Top 5 Books on Liberal Education Published in the Last 35 Years
PrintBy John von Heyking, February 18, 2010 in What is Education?
Plato’s Meno and Newman’s The Idea of a University are classic texts of liberal education. But what are the best books written recently? Is the recent history of liberal education one of decline? Is the mission of the university doomed in a culture of crass utility and political correctness. There are bright spots, and cause for hope, in my top 5 list of the best books on liberal education of the past 35 years. These best books are written by individuals who are great thinkers and great teachers, and in conversation about the highest human things with the greatest minds of the past. But they also demonstrate why being a good teacher involves seeing the highest things in our everyday experience of reality, and in community.
1. Voice of Liberal Learning by Michael Oakeshott (1989, 2001)
We can thank Timothy Fuller for pulling together Oakeshott’s essays into a single and remarkably well-unified volume on liberal education. Three main themes unify this volume: the university as a place of learning, the nature of education, and the relationship of liberal education to political education. Starting with the nature of education, we see here an explanation of education in terms of “conversation,” and the necessary habits of mind and heart to keep the conversation going. The task of the teacher is to impart a language of learning to the student in his specific area of study, but, more importantly, to serve as a model of the activity of learning. The point of education is to cultivate judgment and discernment, which is more important than learning facts although judgment and discernment rest on facts. Particularly vivid is Oakeshott’s account of the mannerisms of the teacher. This is important because the university, the place of learning, is the corporate body in which learners and teachers live in permanent proximity to one another in moral practice best described as friendship. Learning is embodied and communal. This does not look much like the contemporary research university, and Oakeshott points to the human goods we have lost.
2. Closing of the American Mind by Allan Bloom (1987)
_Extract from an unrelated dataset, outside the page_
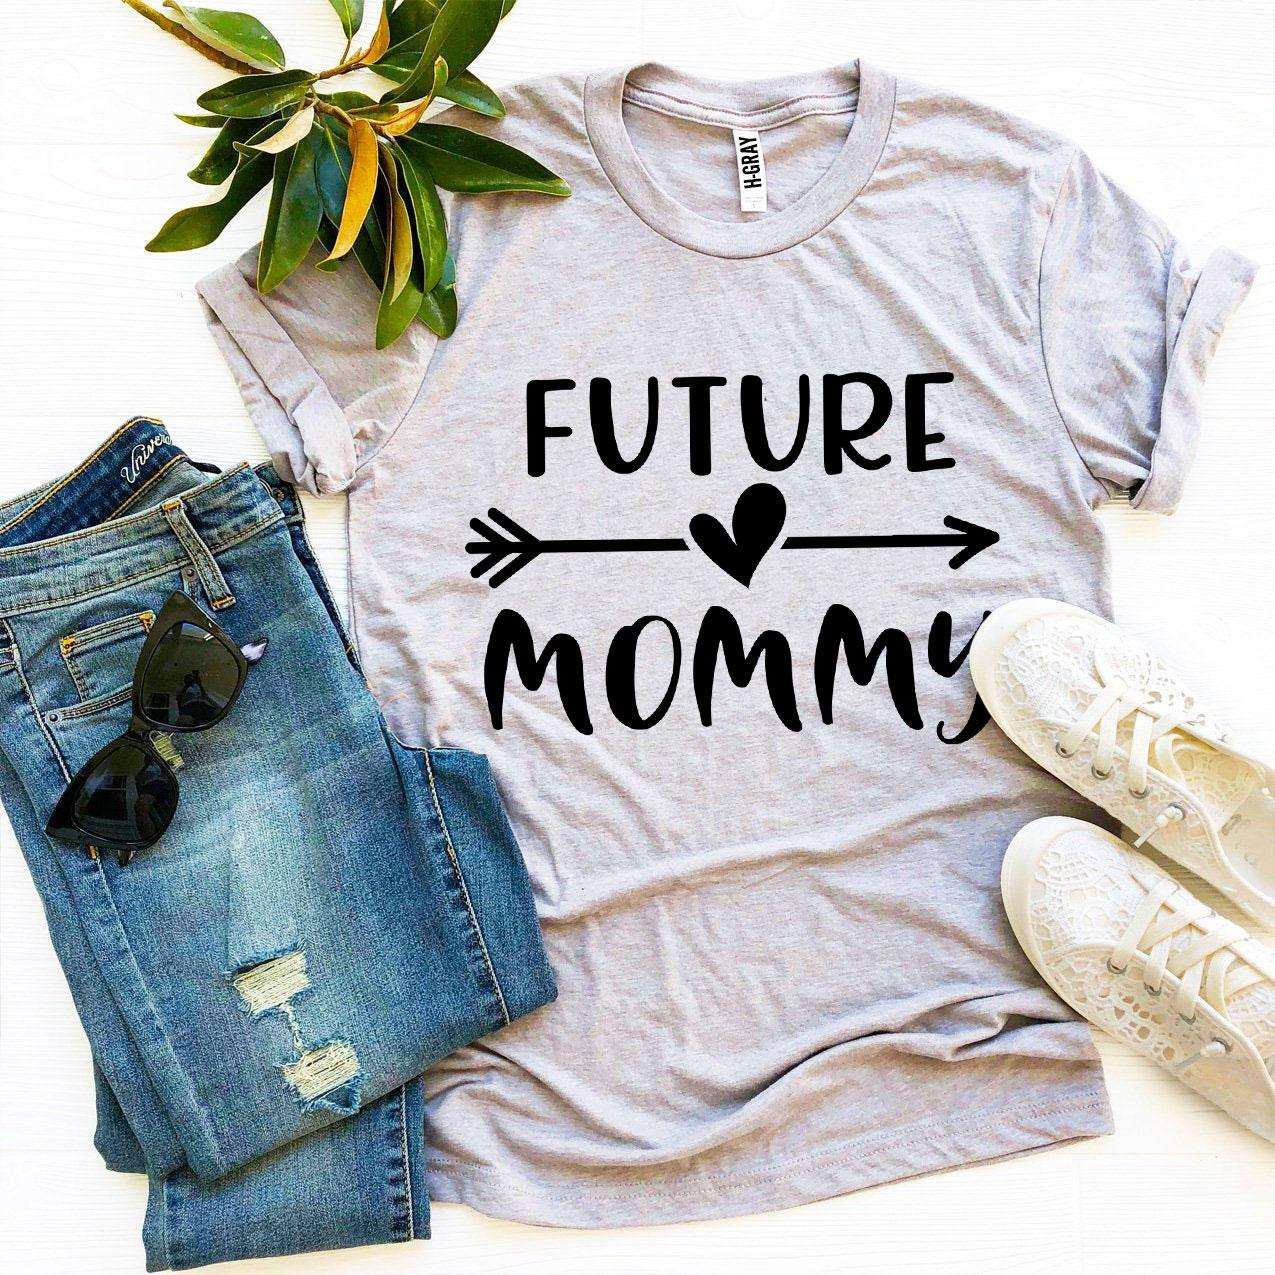 Nfin8 Maternal Glow - 'Future Mommy' Premium Soft Feel T-Shirt

While some of the particular debates in the modern university have changed since this book was published, Bloom’s analysis of the philosophical underpinnings of the crisis remains sound. His account of the souls of students is one of the best ways to get students debating the larger themes of the book. It’s been my experience that he exaggerates the flatness of their souls, but at least he forces them to confront the potential for this flatness. His focus on eros at the forefront of liberal education has rarely been bettered. The brief history of political philosophy he provides in Parts Two and Three is also a brief history of philosophical eros. His concluding remarks on liberal education as activity conducted by friends has stuck with me since I read this book as an undergraduate student.
3. Paradoxes of Education in a Republic by Eva Brann (1979)
The former dean of St. John’s College (Annapolis), the great-text college, provides the most thoughtful defense of her school’s useless curriculum in a society that tends to judge everything in terms of utility. It turns out liberal education is not so useless, but, paradoxically, it points beyond utility. It is particularly useful in a republic where self-government requires a citizenry habituated to the use of their intellects. They need to practice the arts of rational persuasion, demonstration, and so on. Liberal education is specially placed to provide this. A college devoted to liberal education is the place to provide this learning. The college is a little republic.
4. Everyone a Teacher, edited by Mark Schwehn (2000)
Ok, I’m fudging a bit by including an edited volume containing some of the great texts of liberal learning, including Plato’s Meno and Augustine’s De Magistro. However, even the organization of this volume reflects the penetrating mind of the teacher who edited it. We learn about the very purpose of teaching, in its heights and depths, from Mark Twain, the Bible, to the authors of the Joy of Cooking. We see the difference between Plato and Augustine’s notion of teaching as showing from modern conceptions of “telling” (i.e., Gilbert Ryle and Philip W. Jackson) . We read teachers in action, including some great statesmen teaching the souls of citizens (i.e., Pericles’ “Funeral Oration” and Lincoln’s “Gettysburg Address”). We can compare the highest forms of civic, religious, and liberal education with the education of the very young, including kindergarten students. The heights and depths of teaching, and what it means to be a human being, get revealed in the juxtaposition of the texts chosen for this remarkable volume. Indeed, we are reminded of our calling not only as university professors, but as human beings, and that “everyone a teacher.”
5. The Life of the Mind: On the Joys and Travails of Thinking by James V. Schall (2006)
Georgetown University’s legendary teacher of political philosophy, Father James Schall, is also a terrific teacher of teachers. This volume is a summation of his thinking on thinking, and his teaching on teaching. Thinking is the quintessential human activity. It is difficult, but it is also delightful in the deepest way. Because of this, thinking engages our entire personality. He even explains why walking conduces to thinking. Schall engages our personality, and along the way he reminds us that as human beings we belong to a community of being in which we are all learners. He discusses the concerns of both Plato and of Charlie Brown, and why their concerns are also our concerns. His list of books to awaken the mind includes titles by Eric Voegelin as well as Louis L’Amour. A mark of his greatness as a teacher is that he easily moves from the everyday to the profound, and why these two categories are really identical.




Great recommendations, and I certainly would encourage others to adopt them in their classes, when approriate.